## Source data:
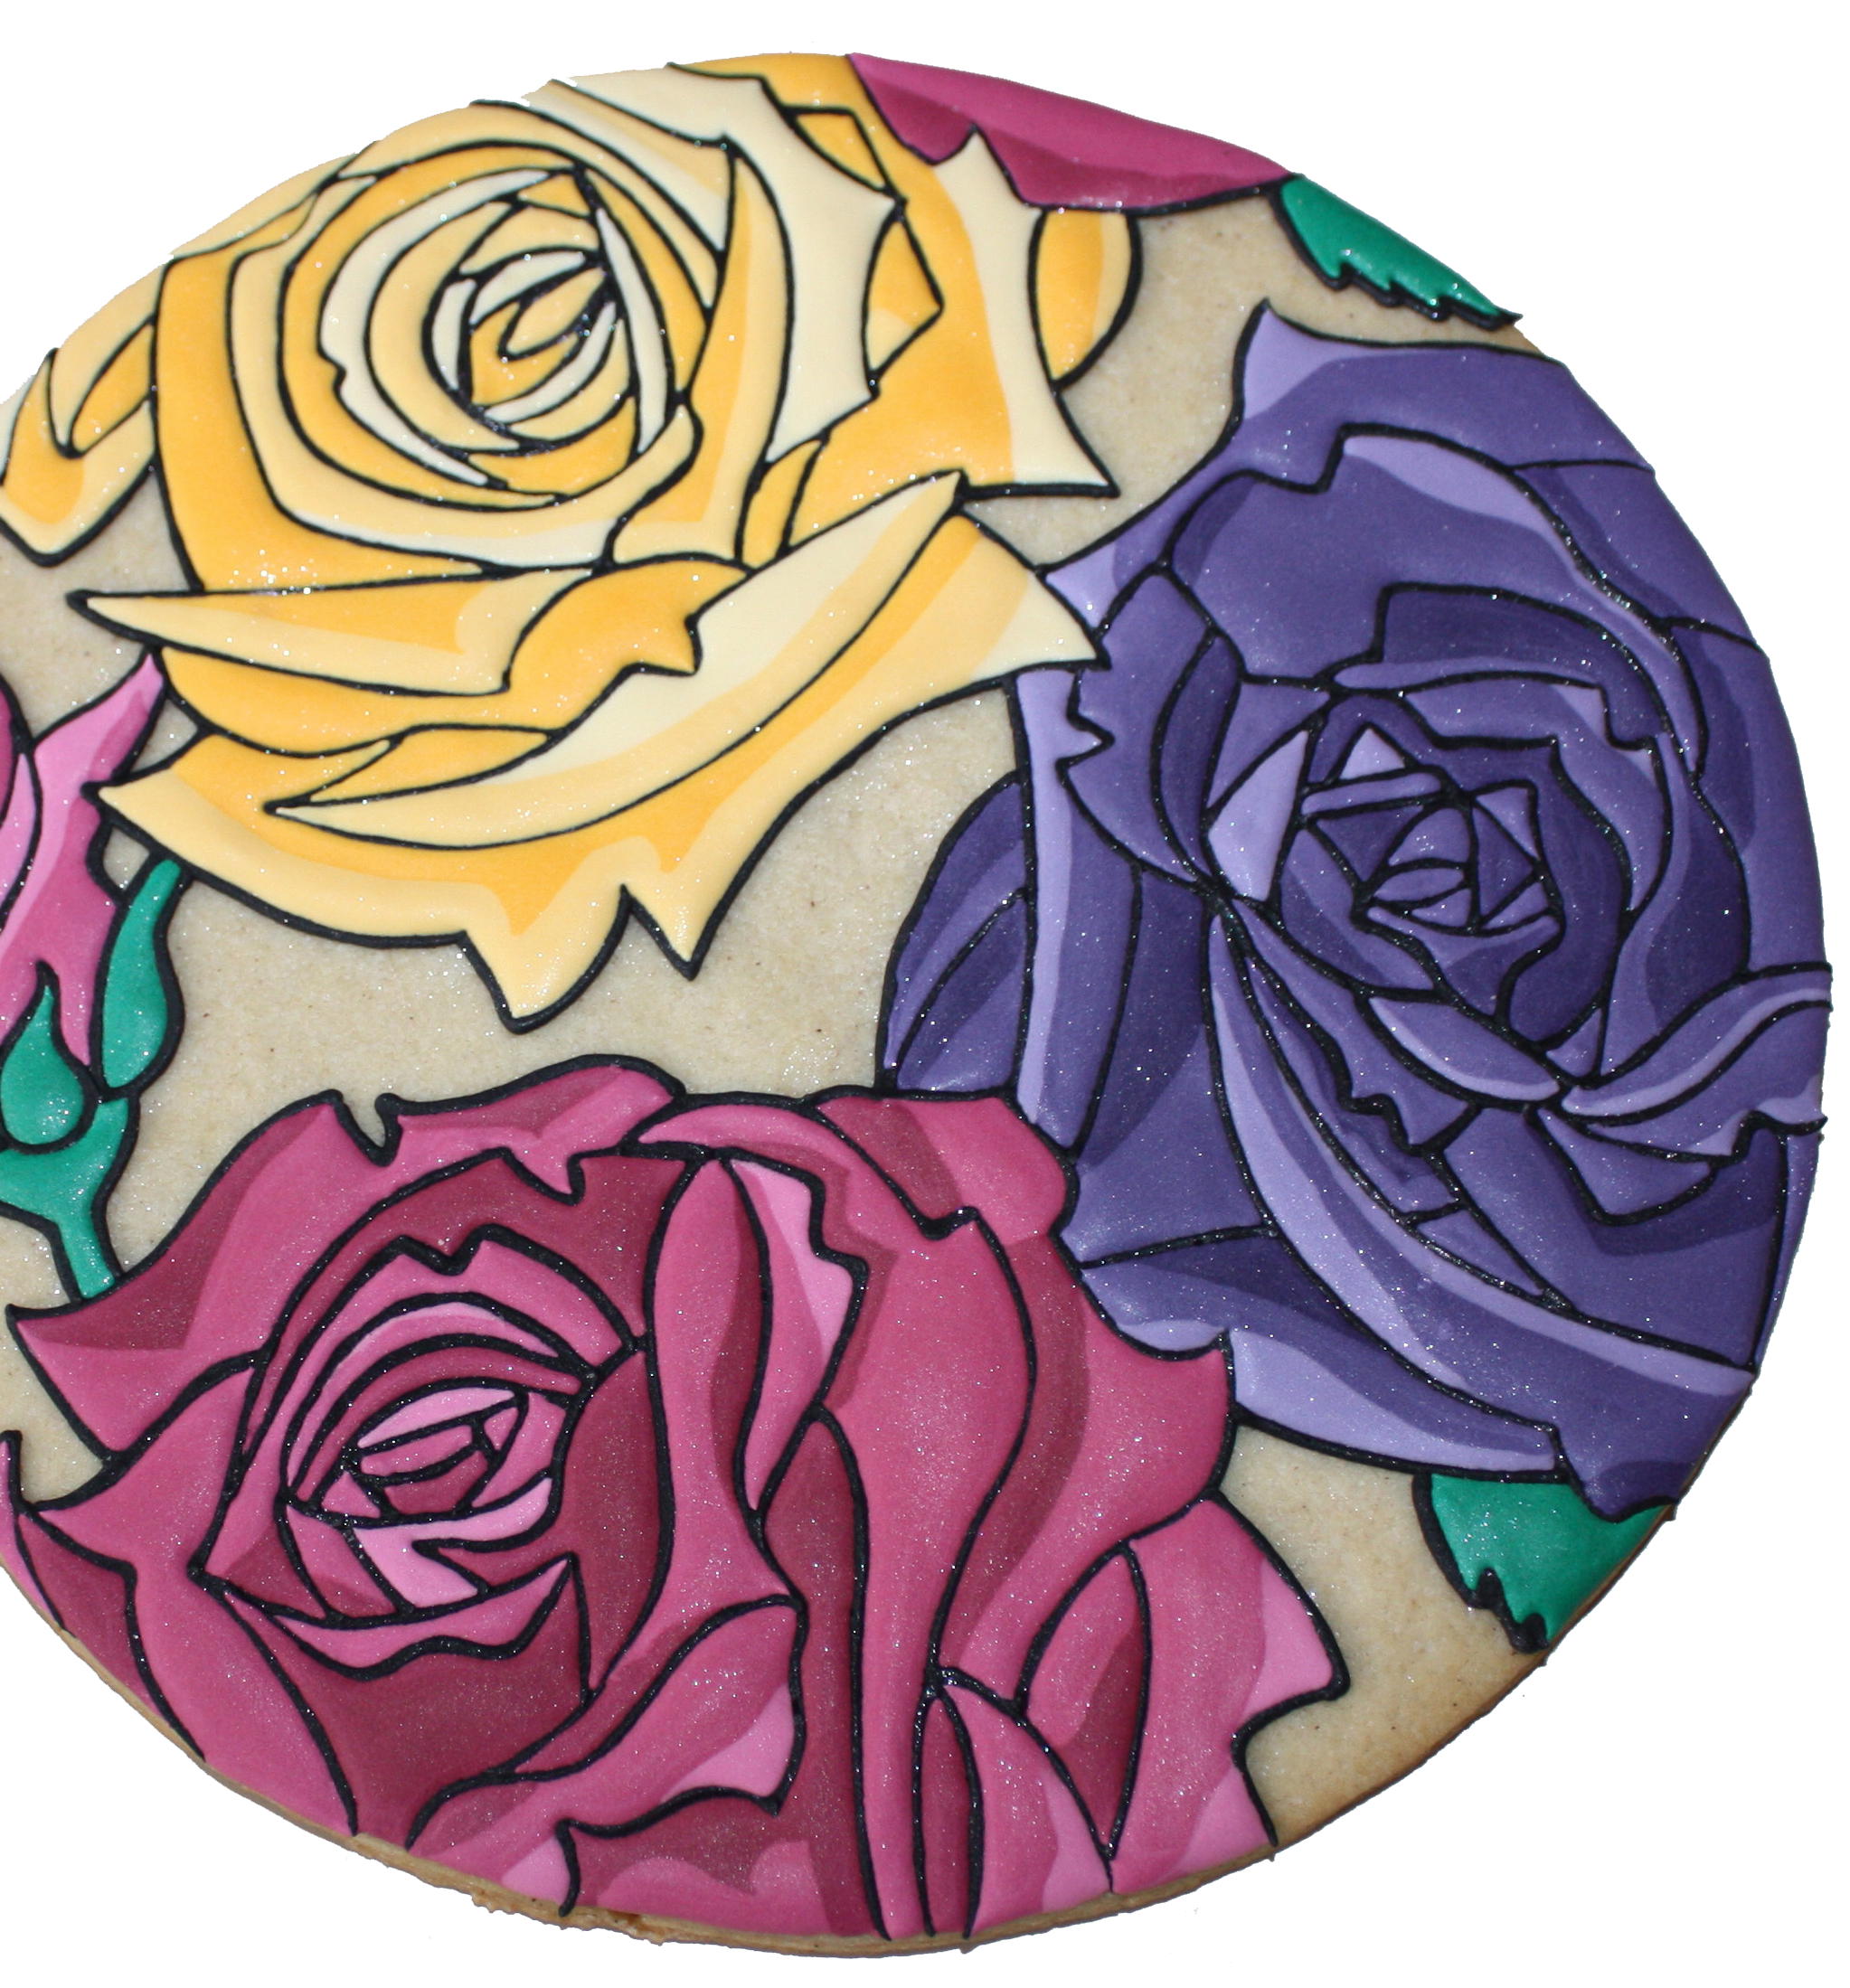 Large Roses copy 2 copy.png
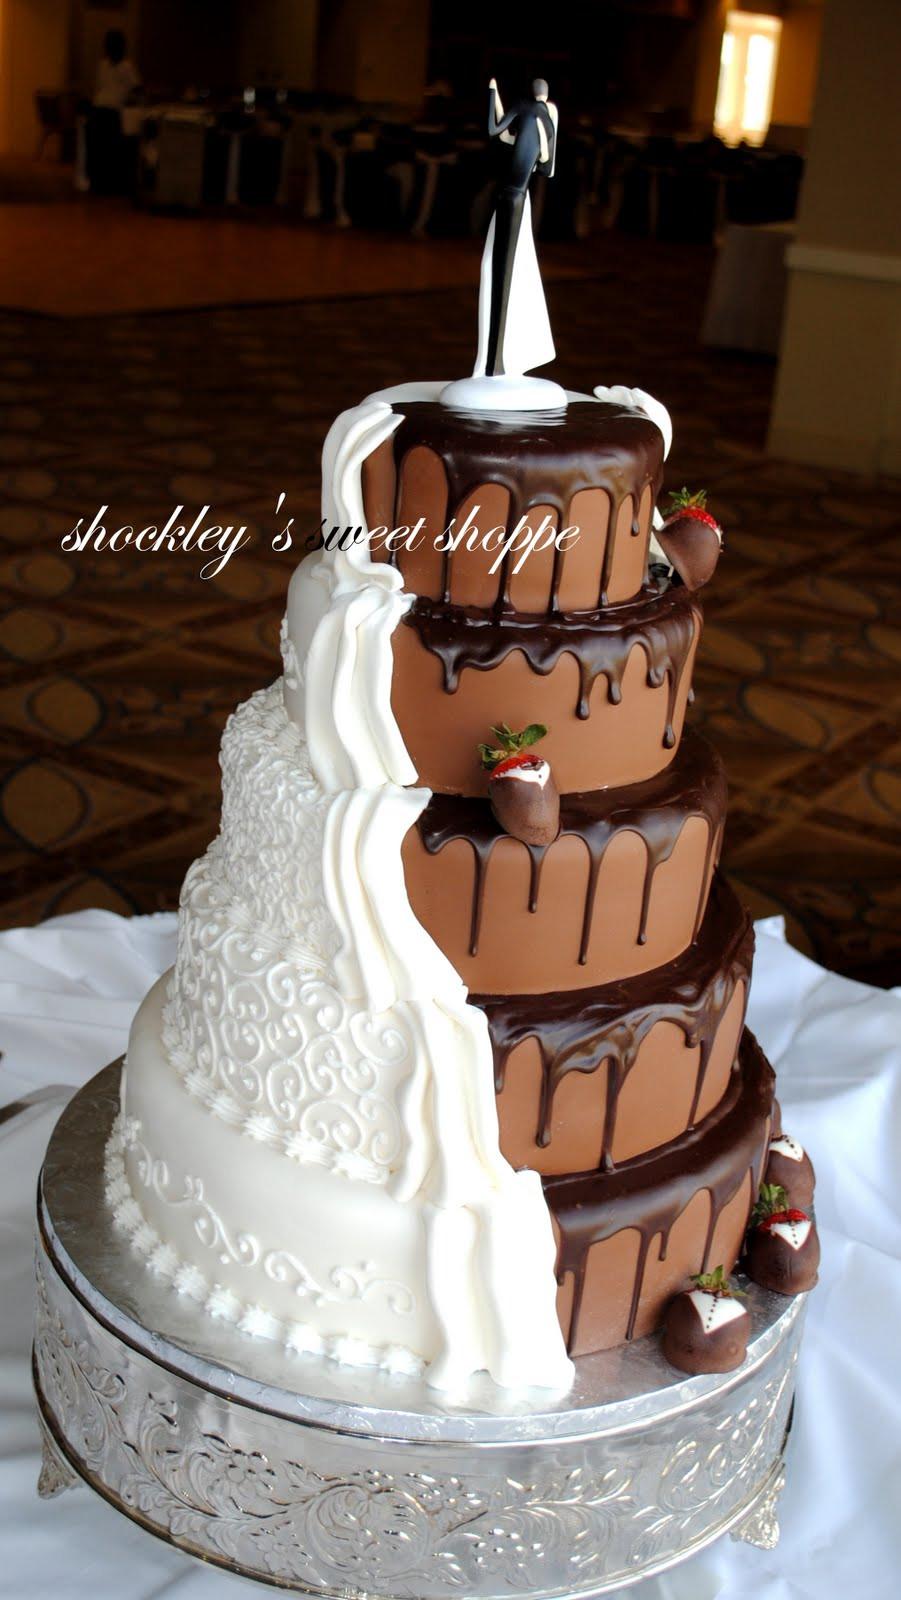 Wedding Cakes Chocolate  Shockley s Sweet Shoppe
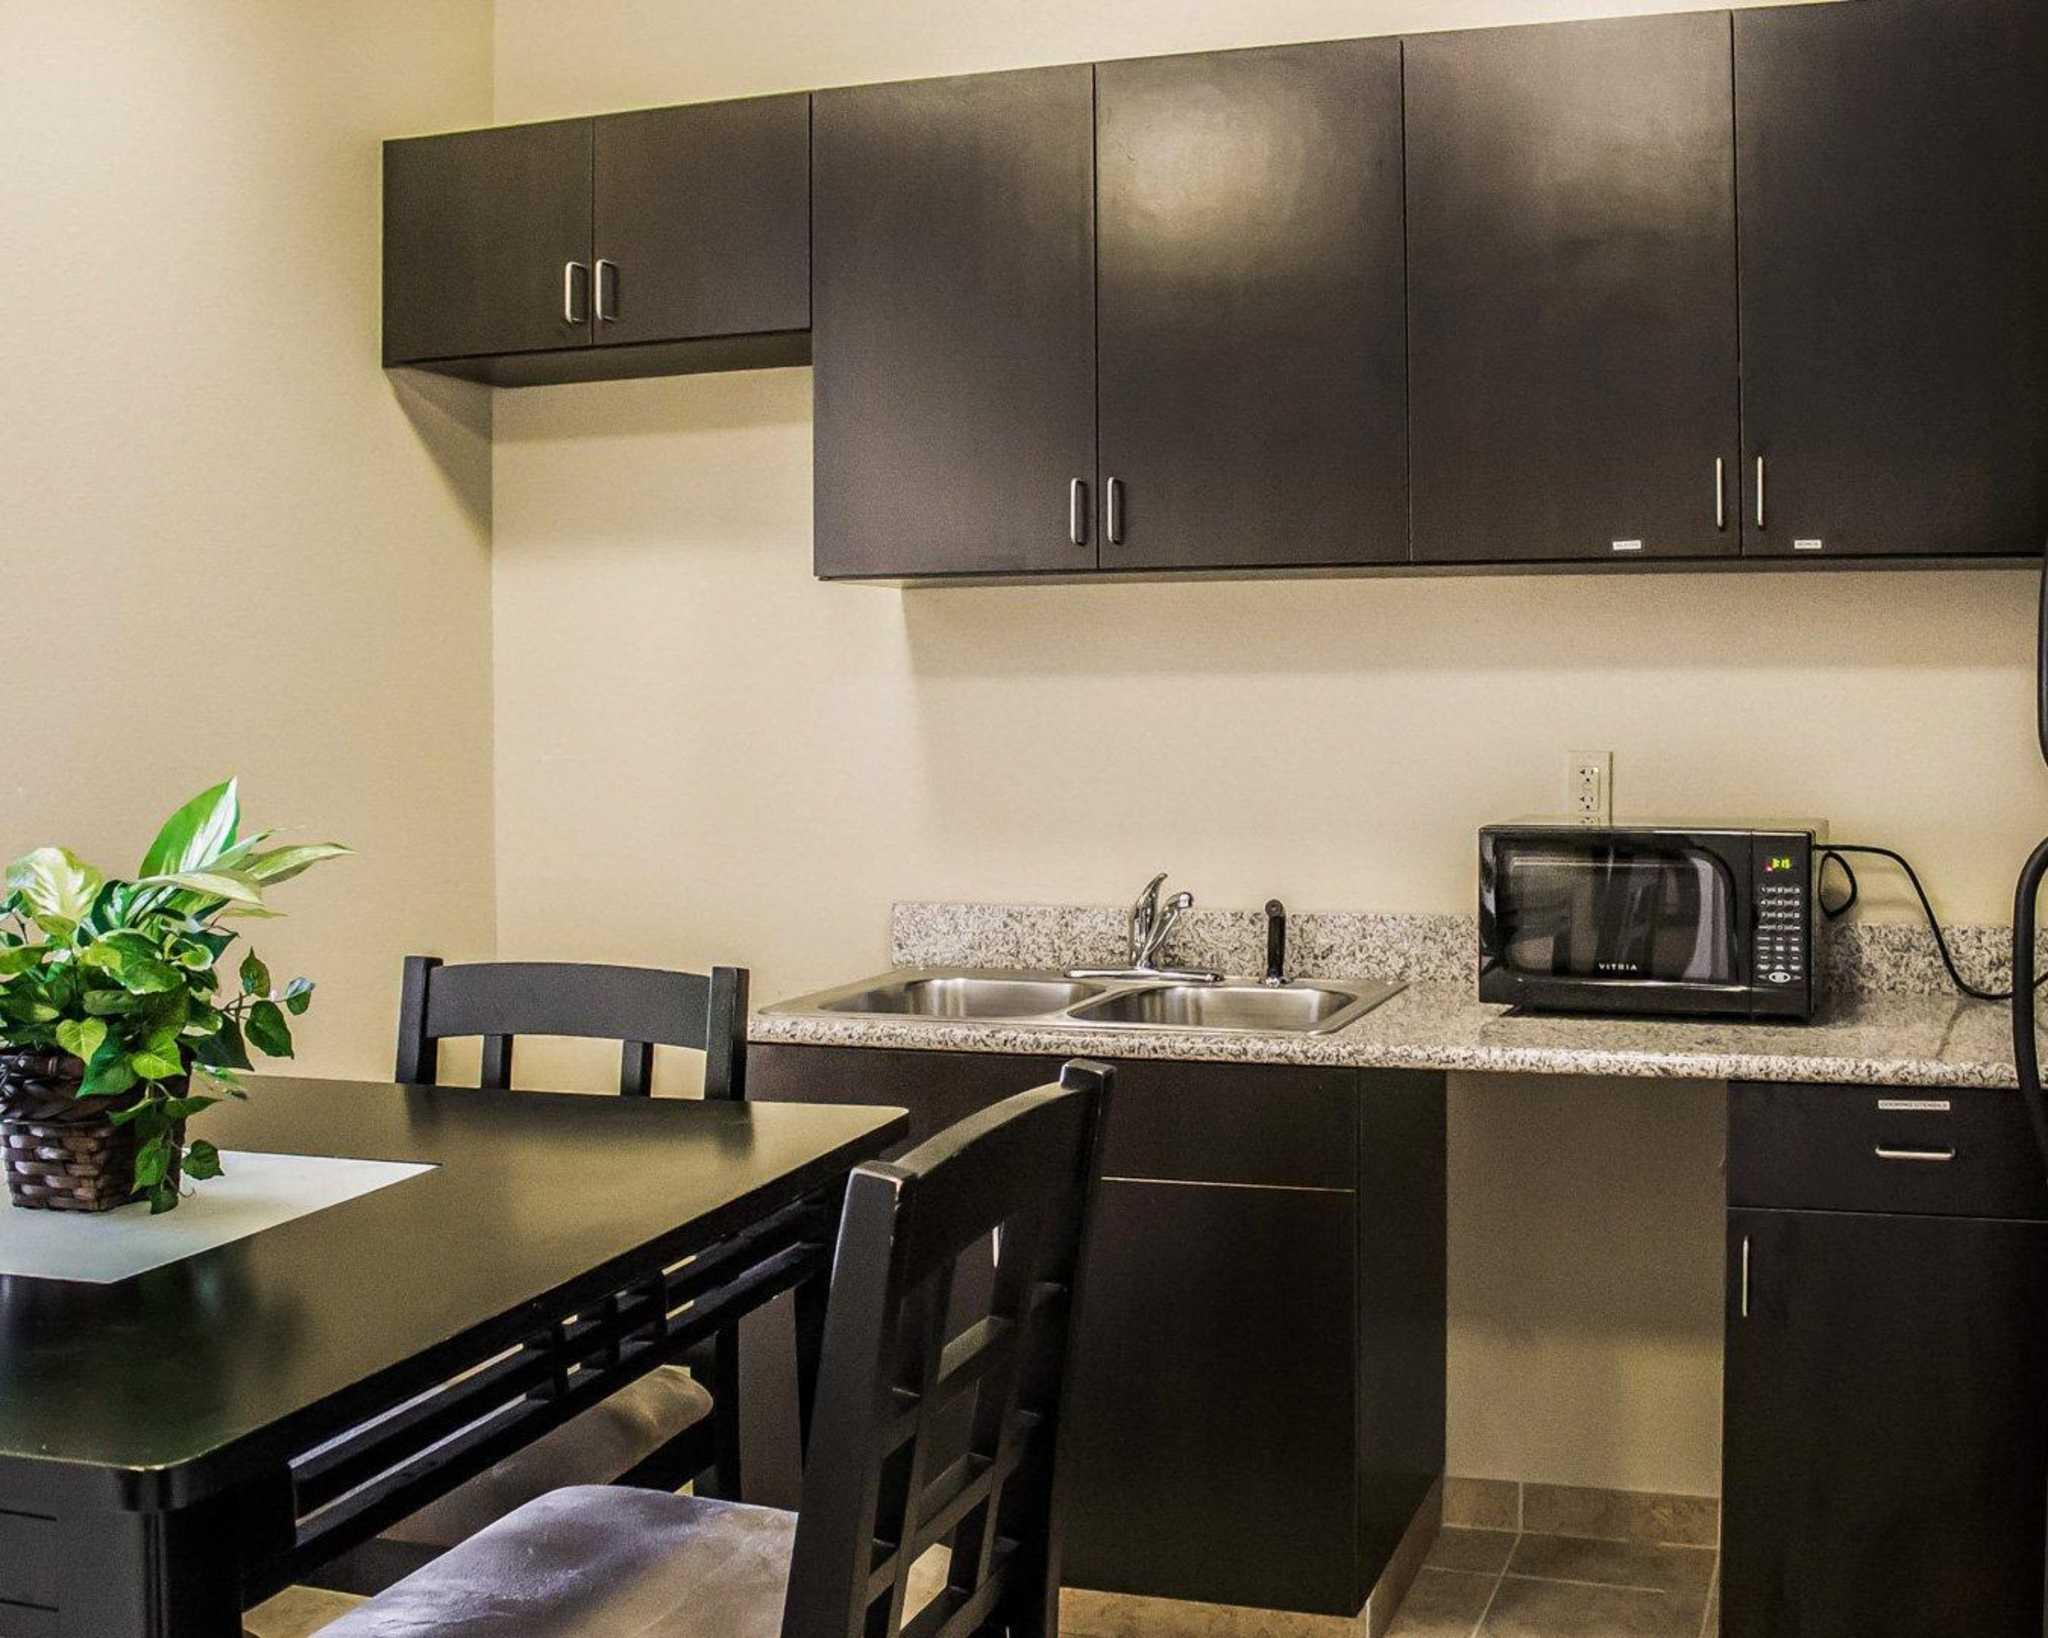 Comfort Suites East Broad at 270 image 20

## Task statement:
Retype each line above exactly. Leave the images out.

## Solution for this task:
 Large Roses copy 2 copy.png
 Wedding Cakes Chocolate  Shockley s Sweet Shoppe
 Comfort Suites East Broad at 270 image 20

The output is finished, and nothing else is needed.